PROBLEM DESCRIPTION: Return the full listing character for character, without its pictures.

INFORMATION SUPPLIED:

———

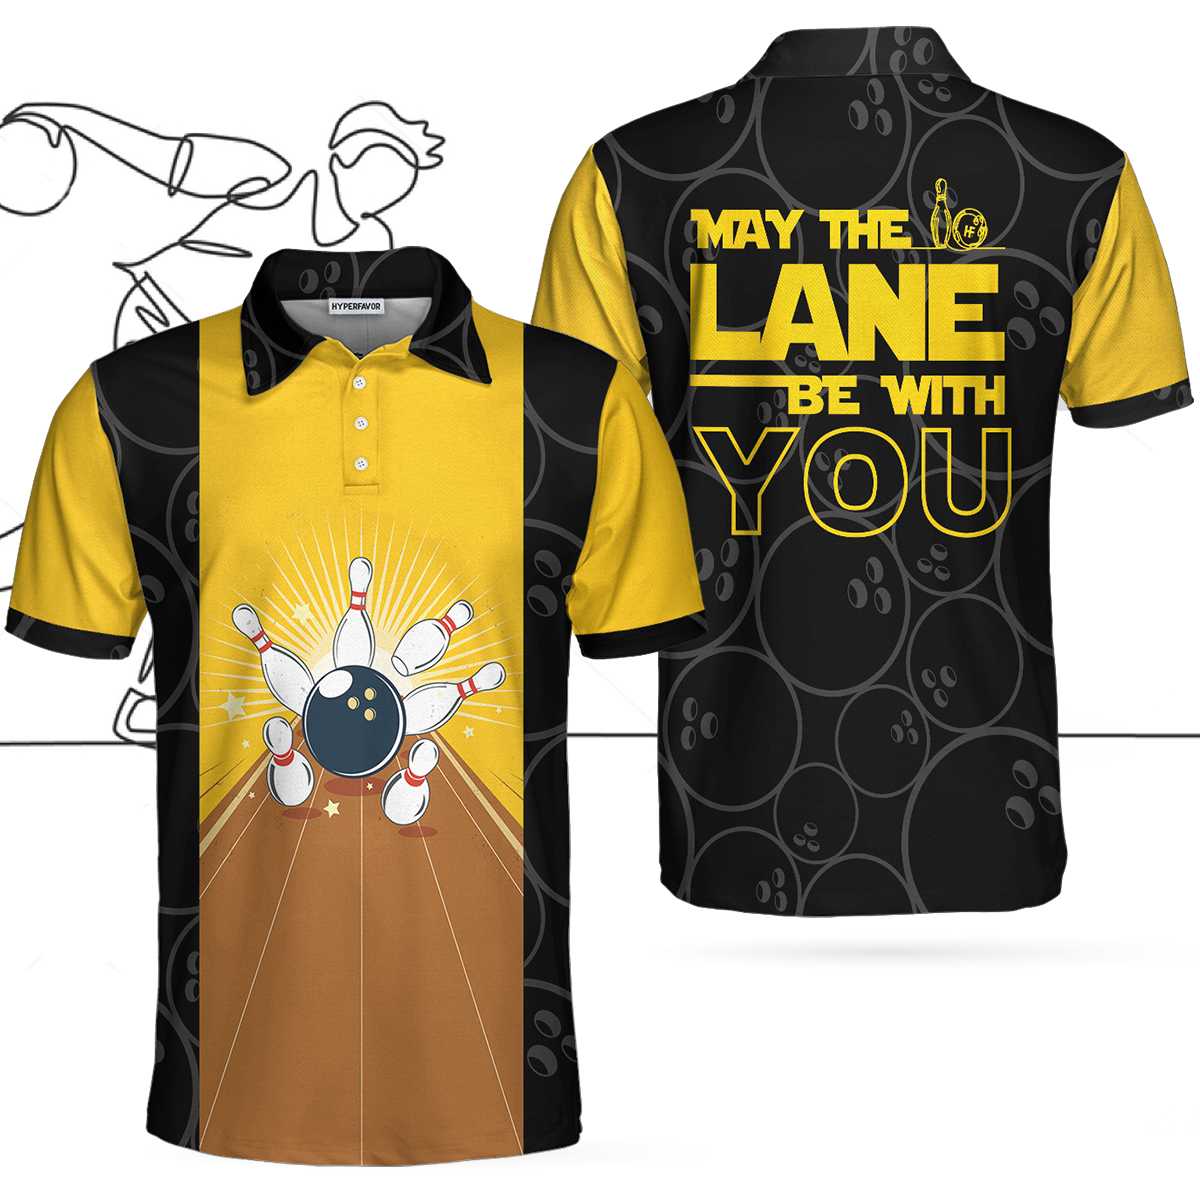 May The Lane Be With You Polo Shirt/ Black And Yellow Bowling Ball Pattern Shirt/ Funny Sayings Shirt Coolspod
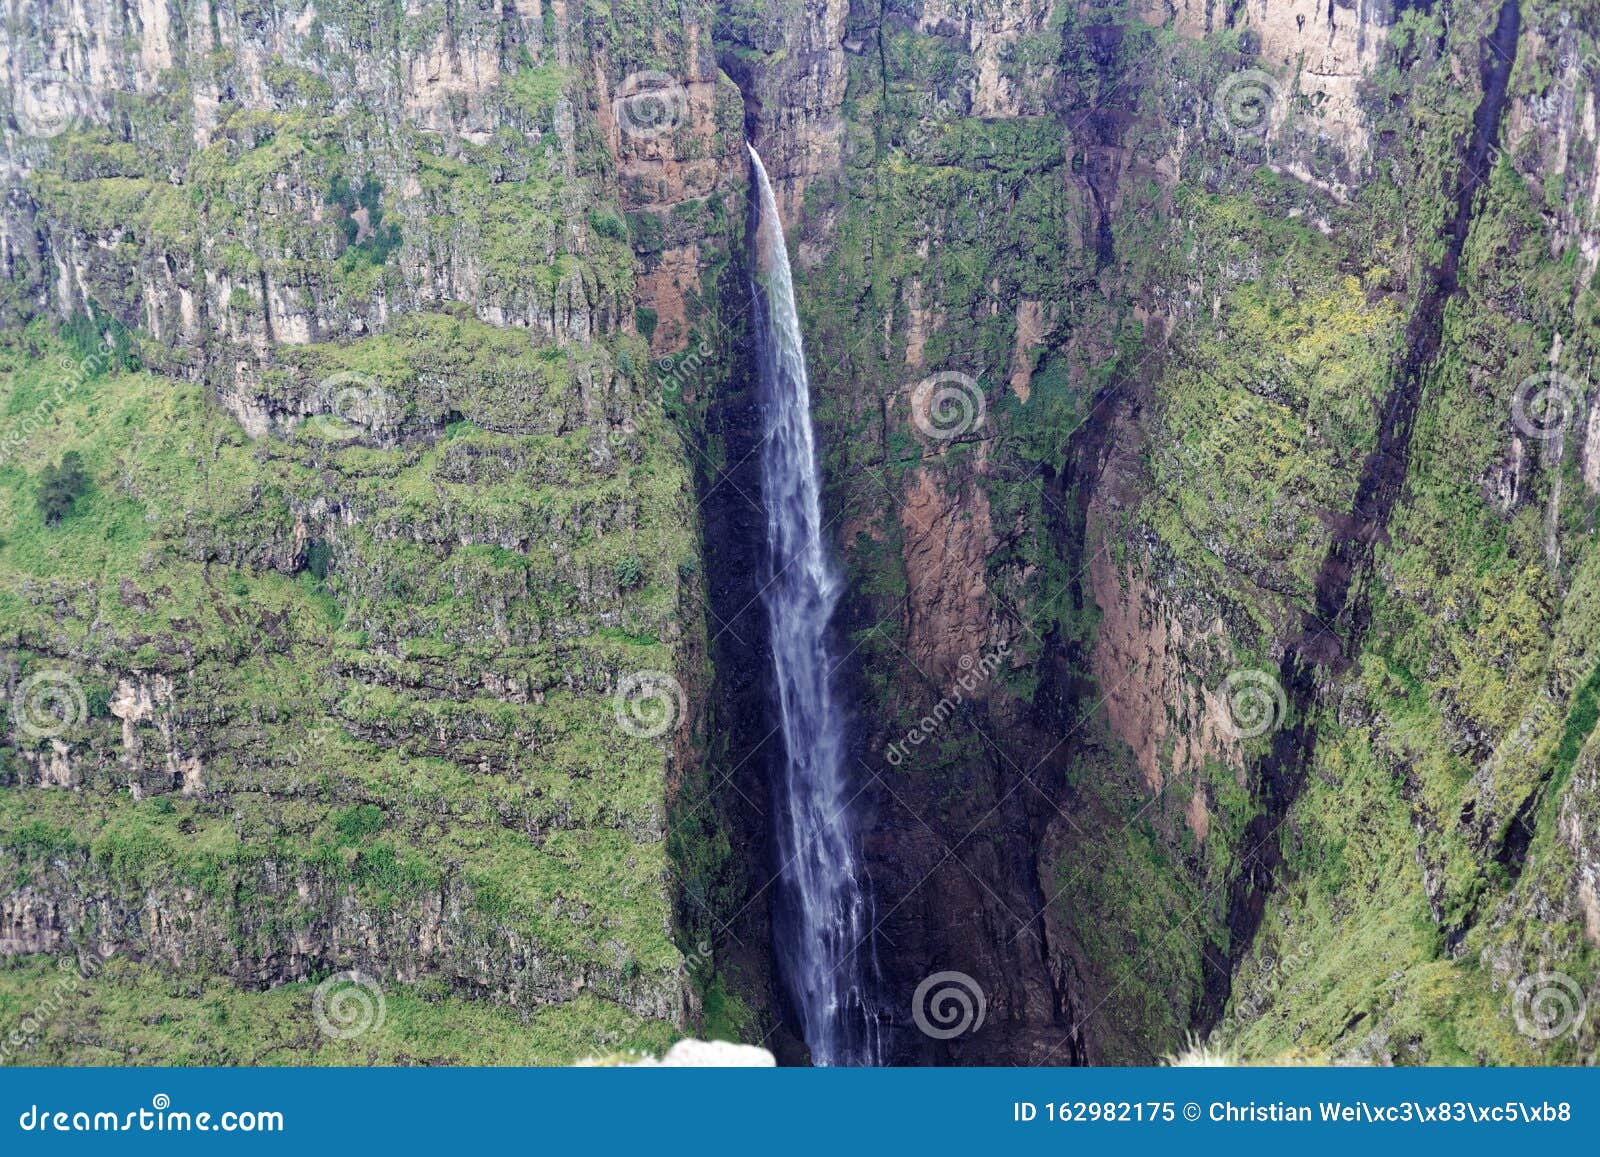 the jin bahir waterfall in the geech abyss canon in the simien mountains in ethiopia
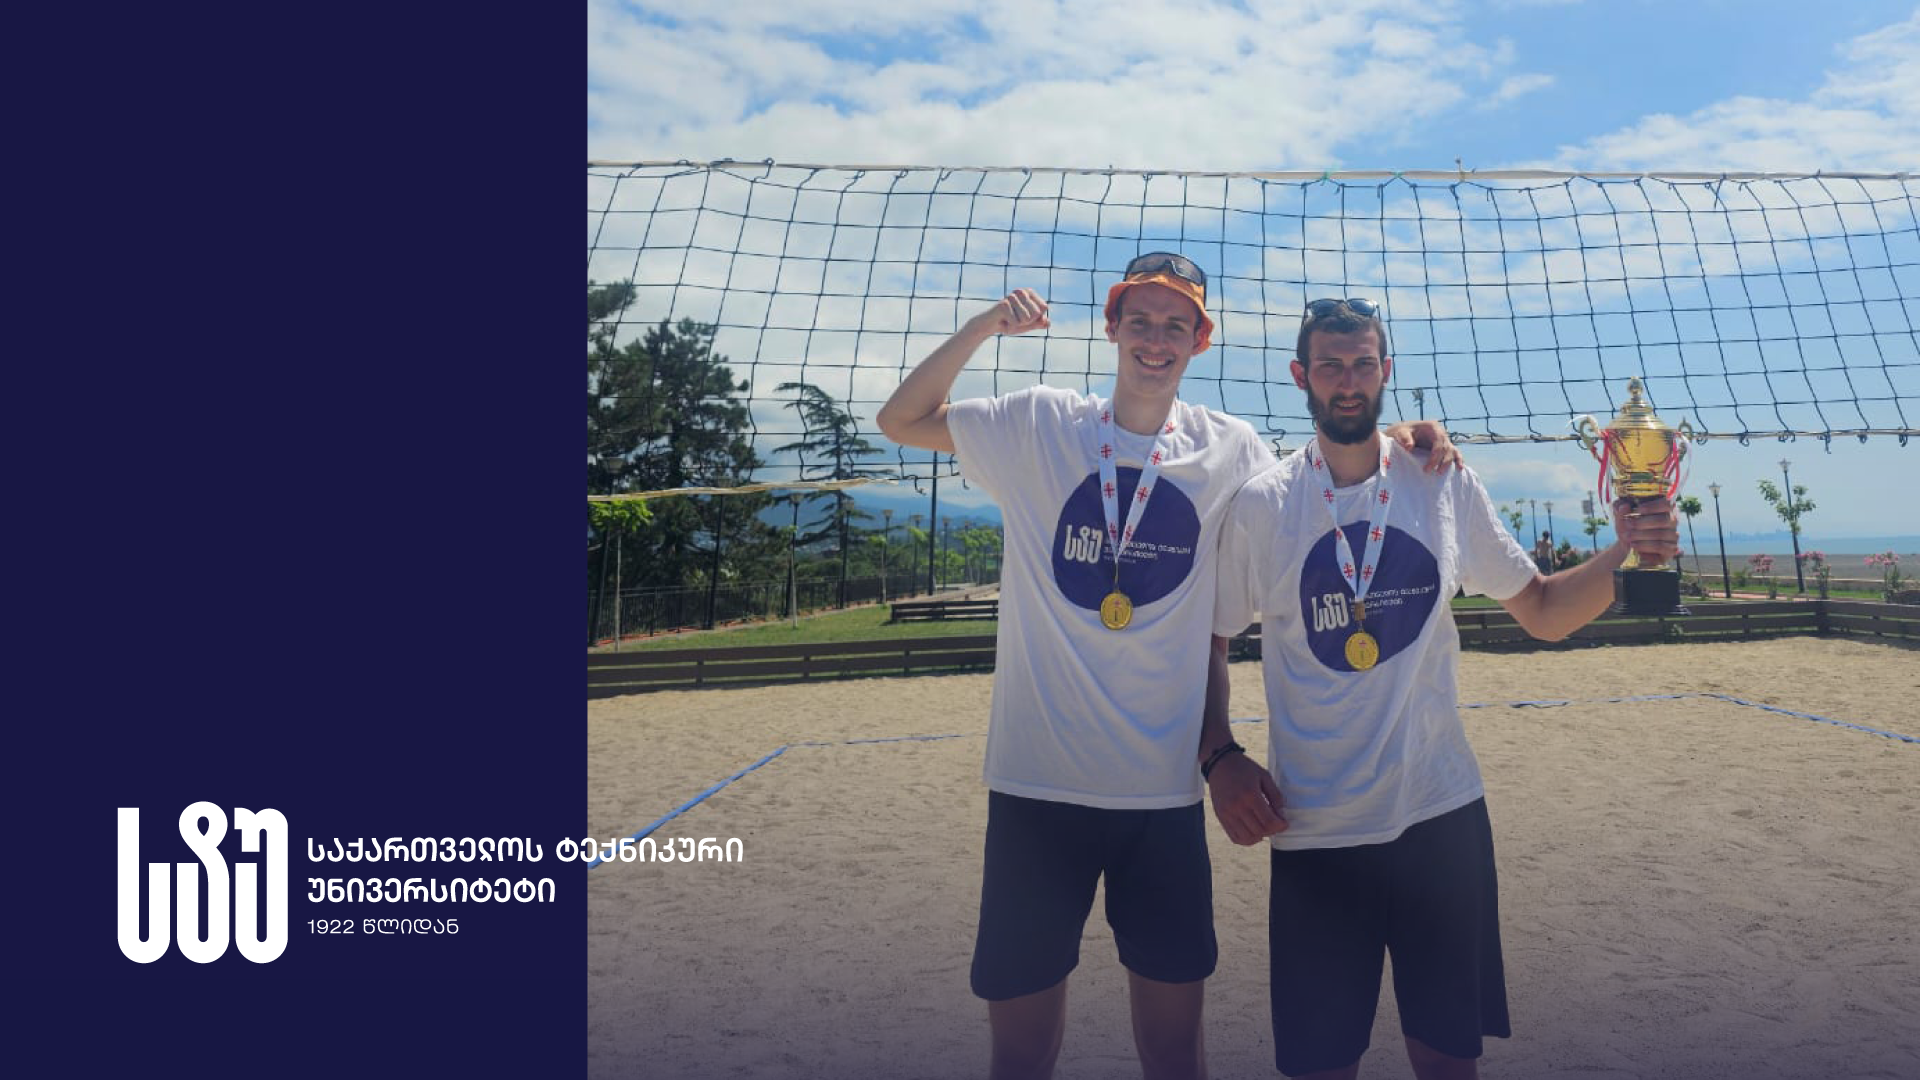 The GTU team is the winner of the Summer Universiada in sand volleyball

———

EXERCISE OUTPUT:
 May The Lane Be With You Polo Shirt/ Black And Yellow Bowling Ball Pattern Shirt/ Funny Sayings Shirt Coolspod
 the jin bahir waterfall in the geech abyss canon in the simien mountains in ethiopia
 The GTU team is the winner of the Summer Universiada in sand volleyball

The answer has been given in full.